Let me quote what I think are the salient details:

A second major reason for insecurity is financial. I have been a minister for 21 years and currently am paid £17,500 per year. My wife works part time and almost gets the same as me. In no other profession with the level of experience and responsibility I have would I be paid such a wage. This has been made much worse by a significant change in society (one that the Church has completely ignored). Our society has moved away from ‘social housing’ and rented accommodation towards home ownership. In order to have a home when one retires it is essential to get a foot on the property ladder. But that is impossible on a Free Church ministers wage and thus the vast majority of my colleagues are in situations where they depend on their wives to supplement their incomes – indeed there is now an increasing trend whereby the wife is the main breadwinner in the home. I may be old fashioned but I am deeply uneasy about this. And of course many in congregations are not happy about minister’s wives working because they think (at least subconsciously) that they have employed two for the price of one. There is an unofficial office in the Church of minister’s wife – she is expected to be a leader, a hospitality Queen and organiser of all things ‘feminine’. For many wives the work/family/church balance is a very tricky tightrope to walk – little wonder that some fall off. Incidentally this applies to Elders wives as well, who often have the same three fold balancing act to perform. It should be no surprise that some end up resenting the Church and their husband’s role in it. Of course it is essential that the Manse be a place of hospitality and that ministers wives be involved fully in the life of their congregations. But the assumption that this is ‘what we pay you for’ is wrong. ALL Christian homes are to be places of hospitality and ministry.

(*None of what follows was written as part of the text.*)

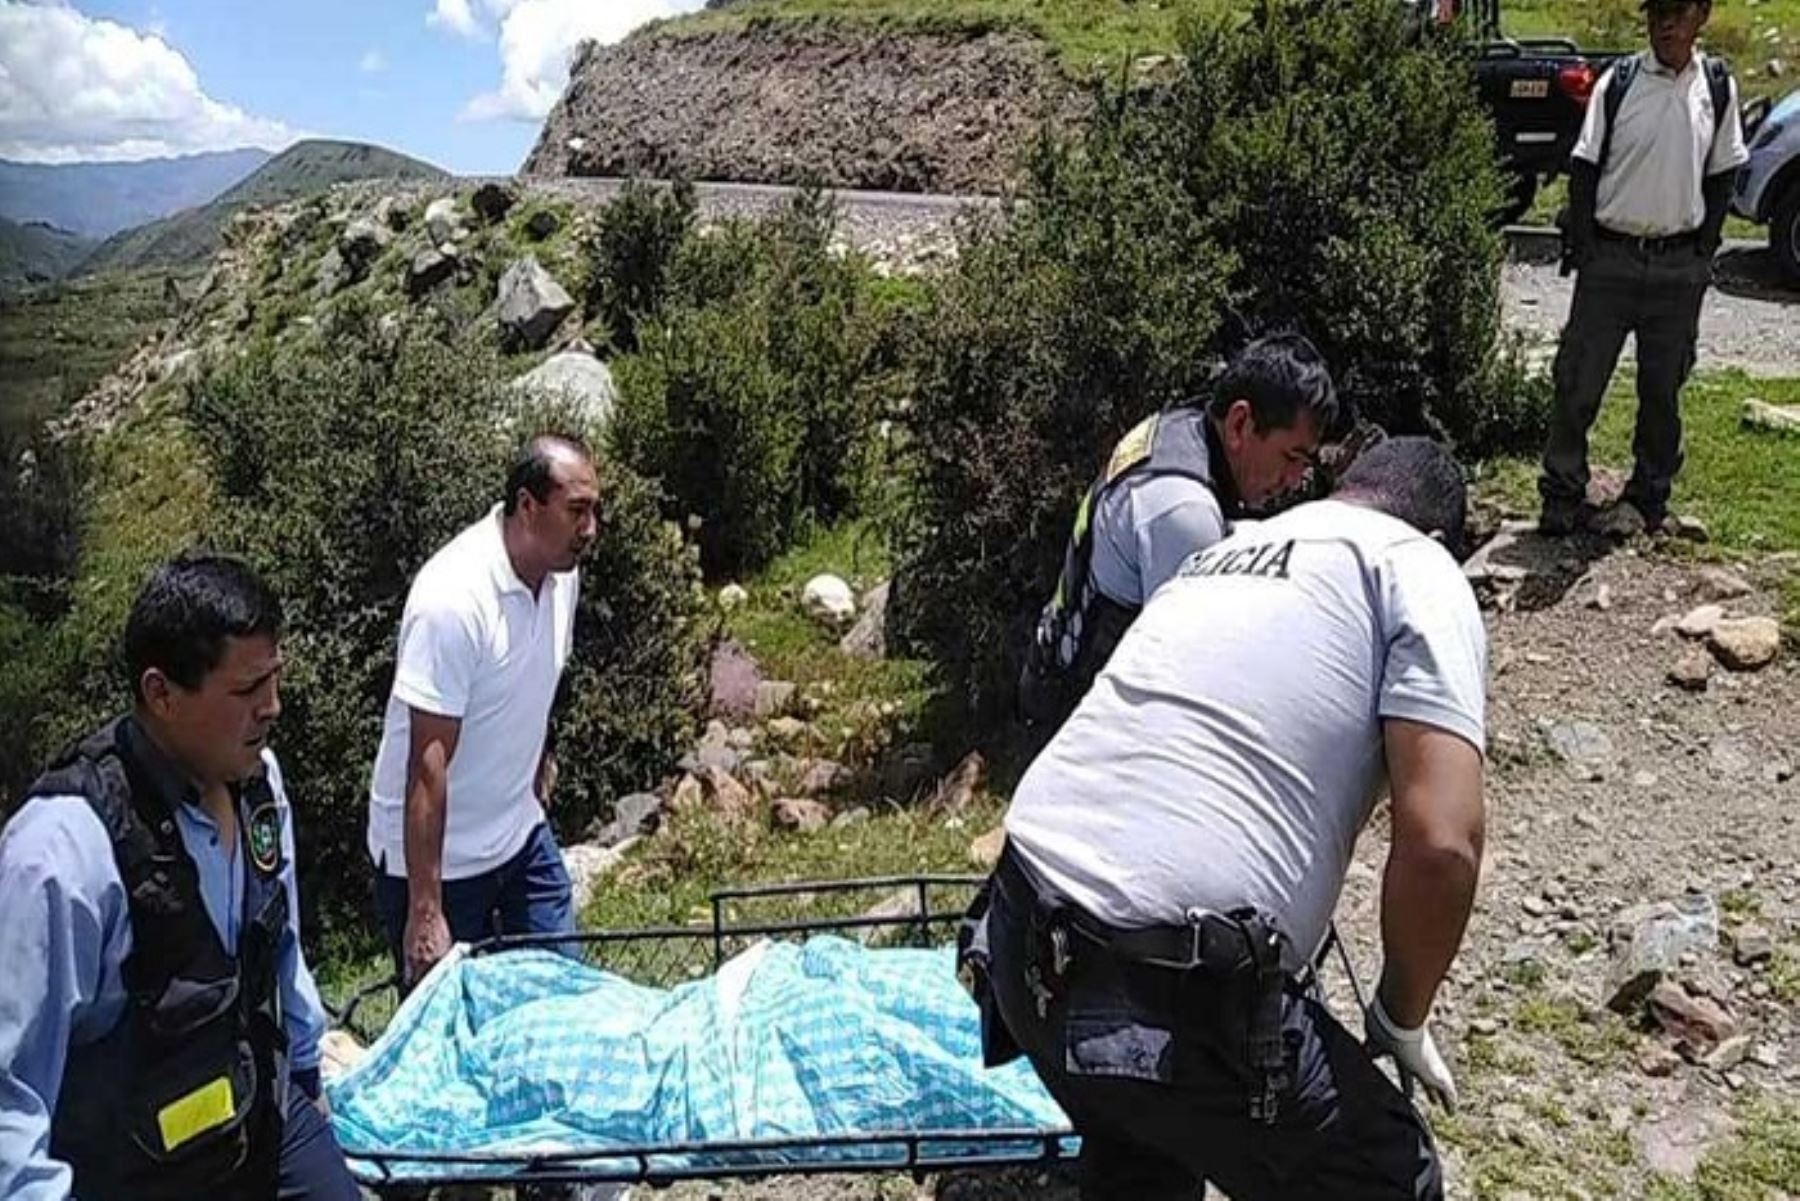 El cadáver de una joven mujer fue hallado hoy en el río Quilcayhuanca, jurisdicción del distrito de Independencia en la provincia de Huaraz, región Áncash.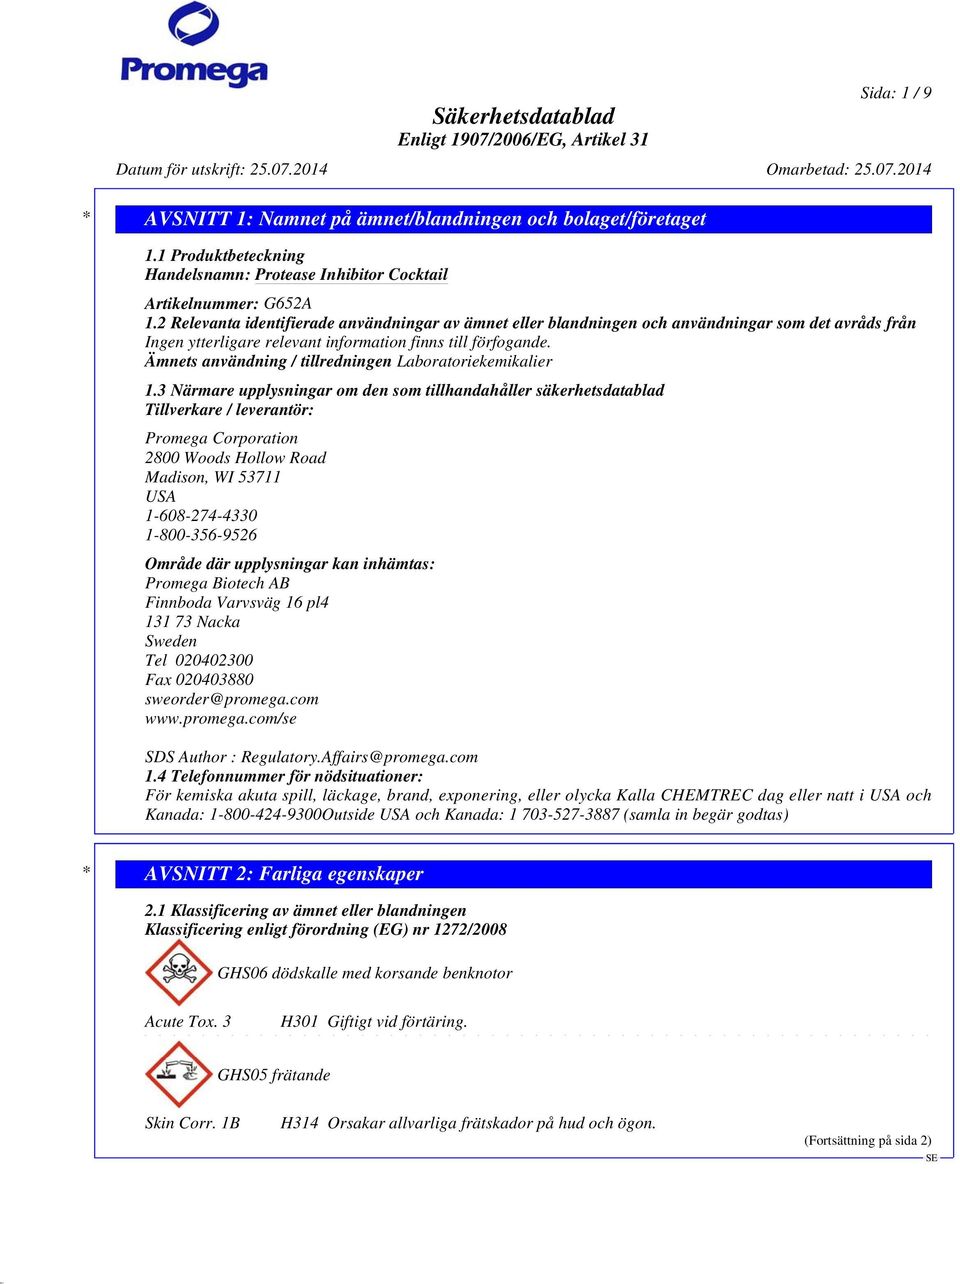 Ämnets användning / tillredningen Laboratoriekemikalier 1.

I hate to sound like an economic materialist, but this is pretty much at issue with everything else mentioned in the essay as a problem. Why wouldn’t candidates for the ministry not come to their senses and go elsewhere? Frankly, given the Reformed response to perpetual vows, including both vows to both chastity and poverty, why shouldn’t they bolt? Getting paid at the denomination’s expense for a life time of dual-income struggling just doesn’t seem like much of a moral obligation. Get out while you can.

Besides, the property ladder is not the only issue. If you don’t make it, what are you going to do twenty years down the road? If you have a family to support, wage-slave jobs are not possibly going to cut it. You’re going to find you aren’t qualified for anything, at least not in anyone’s mind. Yes, people with soft skills can make a great deal of money in the right sitution. People with years of pastoring in their resume are not usually in a position to get those situations.

How would you counsel a couple who were in obvious stress because the husband was choosing an financially depressed carreer path? Would you not tell him to try to find something better? In what universe are people supposed to be qualified for a ministry that means they don’t meet their ethical obligations to support their families?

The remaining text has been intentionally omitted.